Откуда это? Откуда этот легкий юмор, это чувство причастности? Она легко опустилась на сидение рядом с ним.
— Я действительно надеялась, что вы здесь. Хотела поговорить с вами по душам. Я все думала о том вечере, когда вы крутились там.
Его удлиненное красивое лицо выразило интерес и внимание.

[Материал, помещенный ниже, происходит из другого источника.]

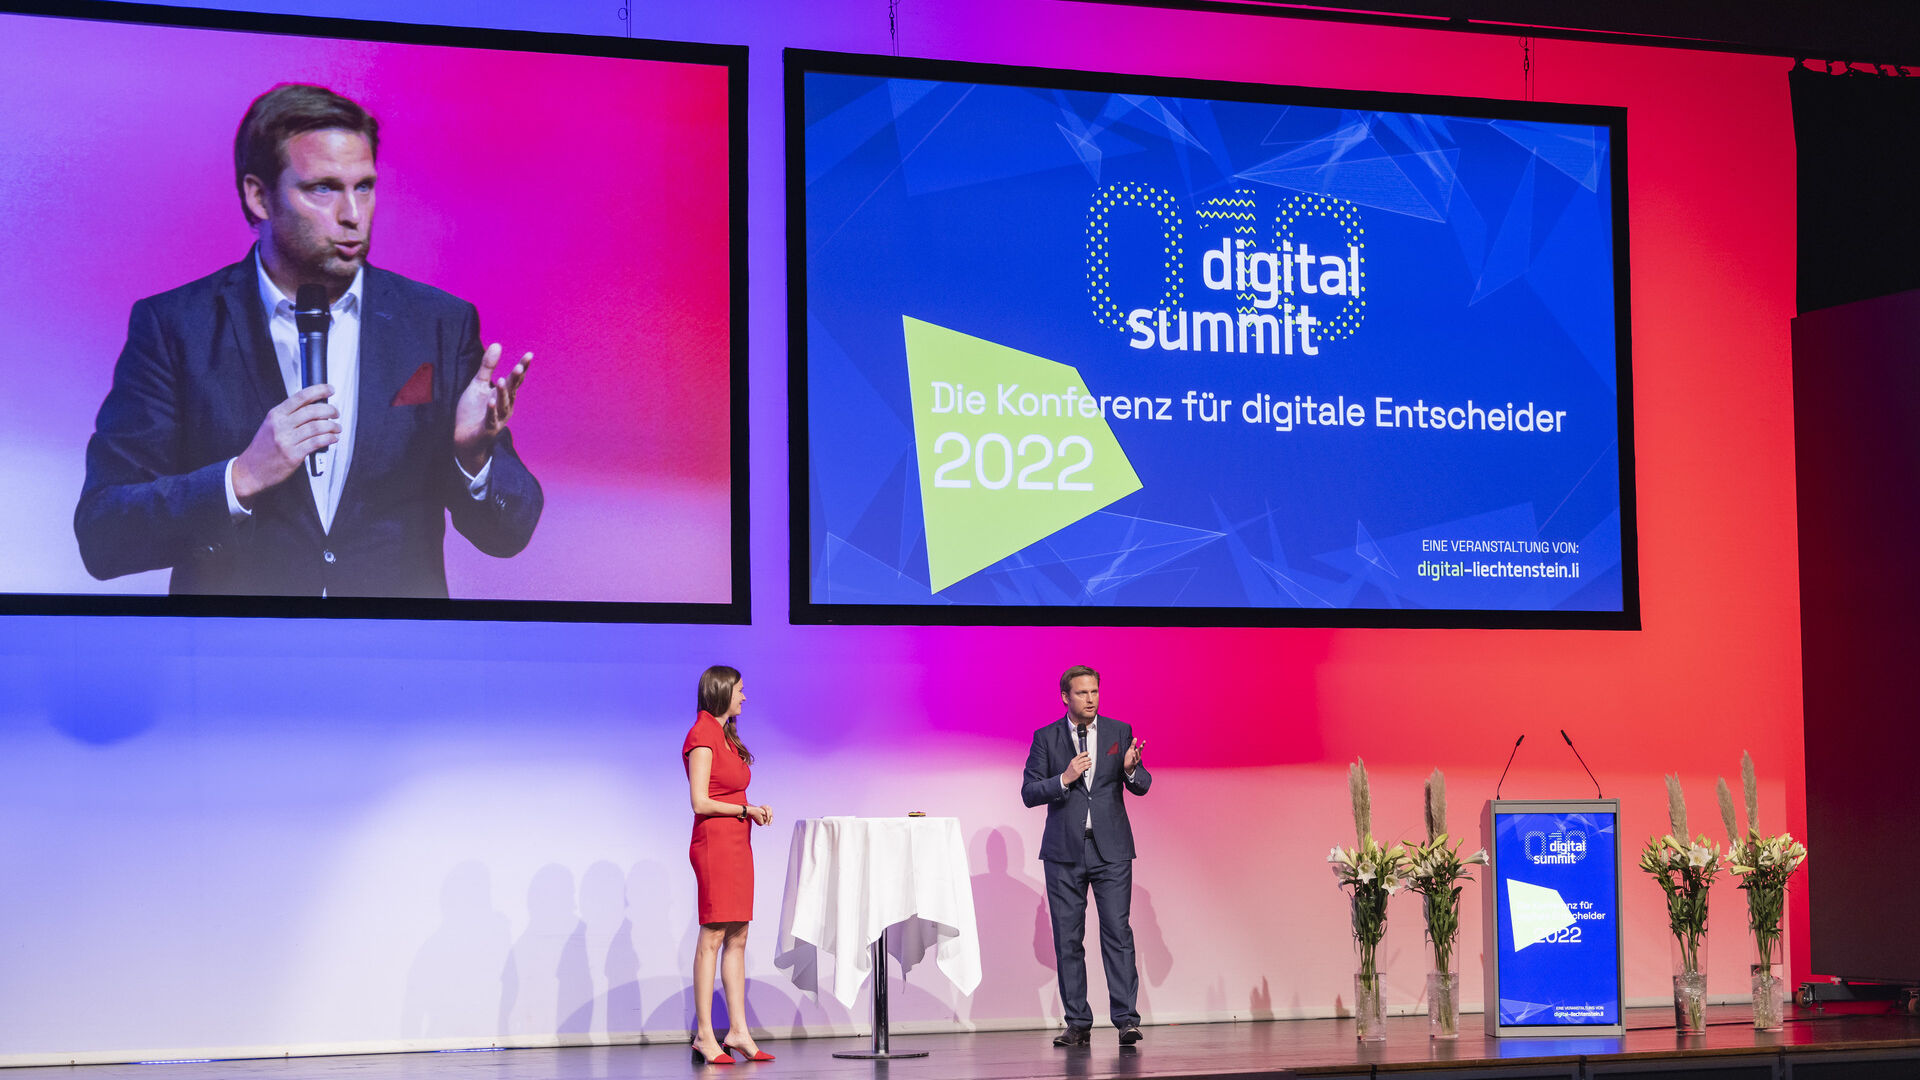 งาน “Digital Summit” ฉบับปี 2022 ที่เมืองวาดุซ

— Ах да, — пробормотал он.
— Я просто хотела сказать, что извиняюсь за то, как повела себя — грозила полицией и все такое. Это с перепугу.
— Ах да, полиция… — Он улыбнулся извиняющейся улыбкой.
В ответ она глянула на него с ухмылкой.
— Вы и сами, кажется, имели счастье познакомиться с ними после того, как мы расстались, не так ли?
— Малость пришлось. По глупости… или мудрости…
— Мне очень жаль.
— А чего тут жалеть?
Она рассмеялась.
— Да, вам беспокоиться нечего. Я ни единой душе не заикнусь о том, что вы заходили ко мне. Я понимаю, с вашей респектабельностью есть чего бояться.
— М-м-м-м — моей респектабельностью? — Ей показалось, что он посмотрел на нее с нескрываемым изумлением. — Не уверен, что так уж забочусь об этом последнее время. Как бы то ни было, предоставьте мне самому беспокоиться о своей репутации. Это не ваше дело.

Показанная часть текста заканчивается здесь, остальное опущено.